Cytotoxic Payloads are received in rigid, double-contained packaging to prevent accidental release and operator exposure. These containers are transferred and stored exclusively in dedicated, negatively pressurized hazardous material storage areas equipped with HEPA-filtered exhaust systems.
Monoclonal Antibodies (mAbs) are temperature-sensitive biologics and are stored in validated cold storage units, typically maintained at 2–8 °C for short-term storage, or –20 to –80 °C for long-term preservation. Storage conditions are continuously monitored, with access controlled to preserve material integrity and traceability.
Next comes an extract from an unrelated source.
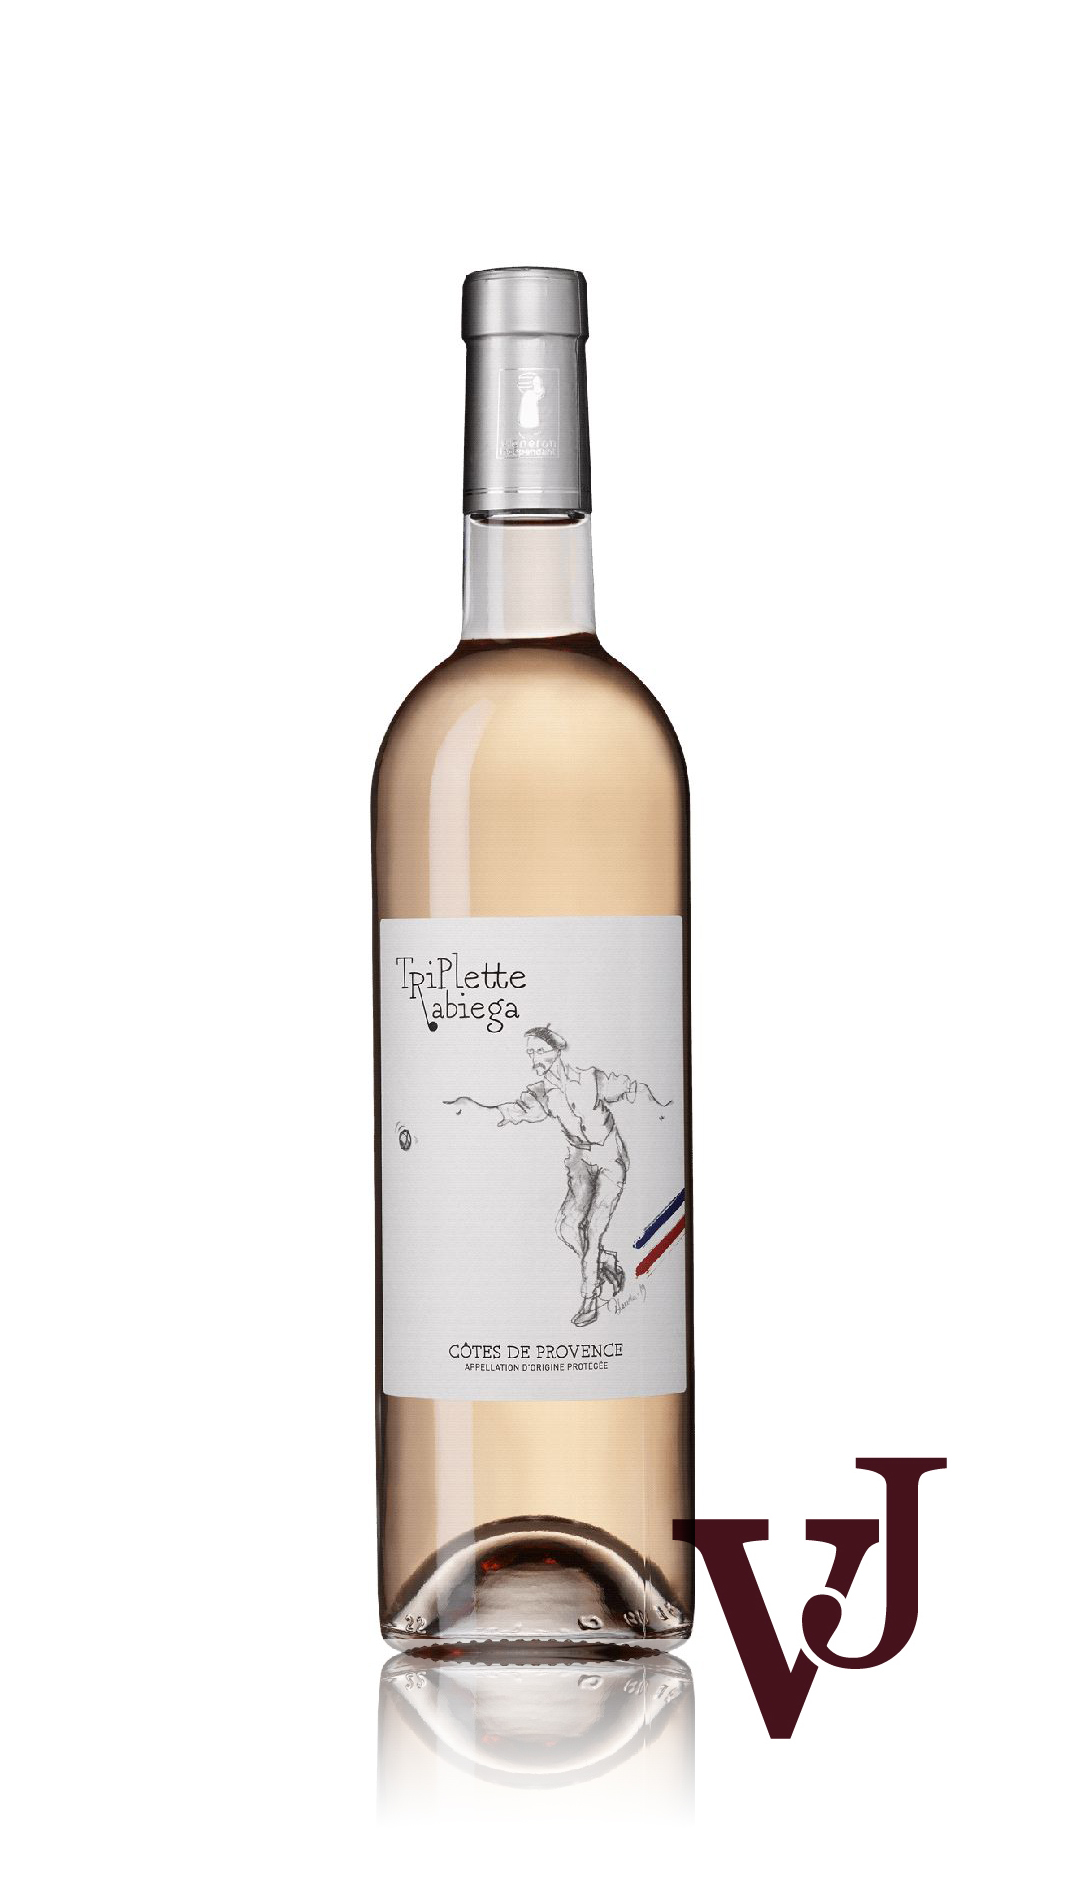 Rosé Vin - Rabiega artikel nummer 5659701 från producenten Domaine Rabiega från området Frankrike

All materials entering the ADC manufacturing environment must comply with defined gowning, cleaning, and environmental monitoring procedures. Material flows are carefully separated from waste and personnel pathways to preserve unidirectional movement and prevent contamination across classified zones.
Manufacturing ADCs requires careful integration of containment, cleaning strategies, process flexibility, and facility design. Given the complexity of integrating specialized process equipment with high-containment systems, ergonomic workflow, and GMP facility infrastructure, engaging experienced professional support is essential to achieving a successful outcome. Proper planning and technical expertise can help ensure scalable, safe, and cost-effective solutions throughout the ADC development lifecycle.